Tracey Belbin

Personal information
- Full name: Tracey Lee Belbin
- Born: 24 June 1967 (age 59) Tingalpa, Queensland
- Height: 169 cm (5 ft 7 in)
- Weight: 67 kg (148 lb)

Medal record
Women's field hockey
Representing Australia
Olympic Games
| Gold medal – first place | 1988 Seoul | Team competition |
World Cup
| Silver medal – second place | 1990 Sydney | Team competition |
Champions Trophy
| Gold medal – first place | 1991 Berlin | Team competition |
| Silver medal – second place | 1987 Amstelveen | Team competition |
| Silver medal – second place | 1989 Frankfurt | Team competition |

= Tracey Belbin =

Australian field hockey player (born 1967)

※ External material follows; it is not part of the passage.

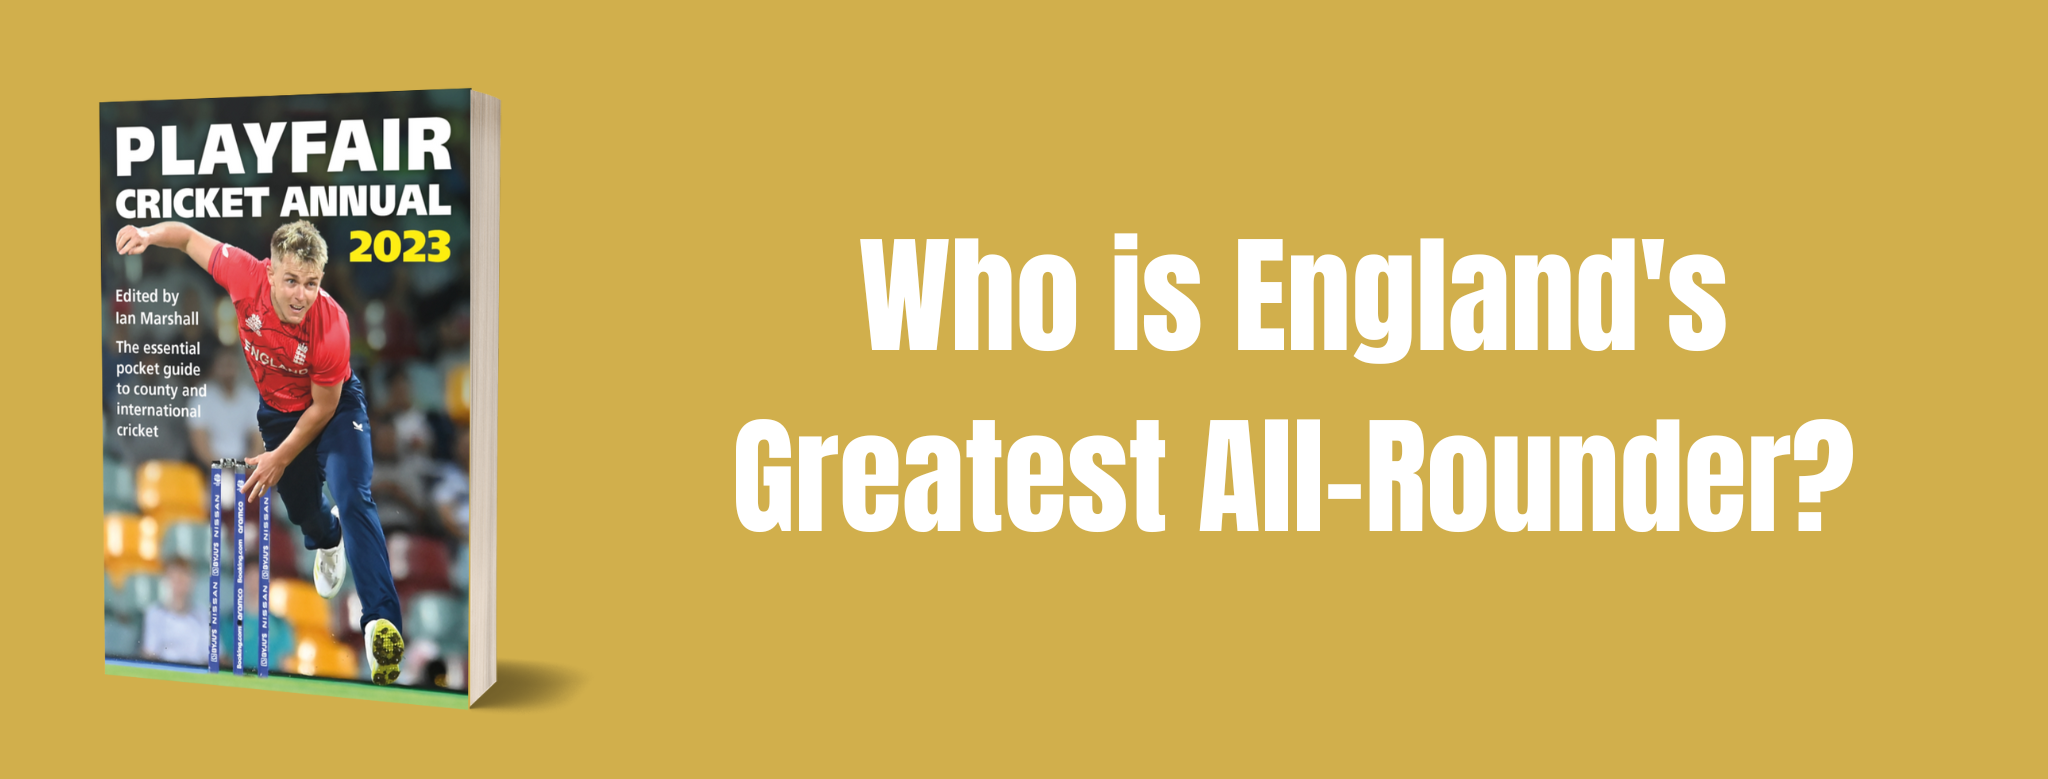 Who Is England's Greatest All-Rounder?

Tracey Lee Belbin OAM (born 24 June 1967 in Cairns, Queensland) is a former field hockey player from Australia, who represented her native country at two consecutive Summer Olympics, starting in 1988 in Seoul, South Korea. There she won the gold medal with the Women's National Team.

As a student of the University of Queensland in Brisbane she graduated in 1993, getting a double major in psychology. After her active career she became a hockey coach, working as an assistant for the South African Women's Team. In January 1999 Belbin was named Head Coach of the US Women's Team, with whom she won the silver medal at the 1999 Pan American Games. She resigned after the 2002 Women's Hockey World Cup.

In 2009 Belbin was inducted into the Queensland Sport Hall of Fame.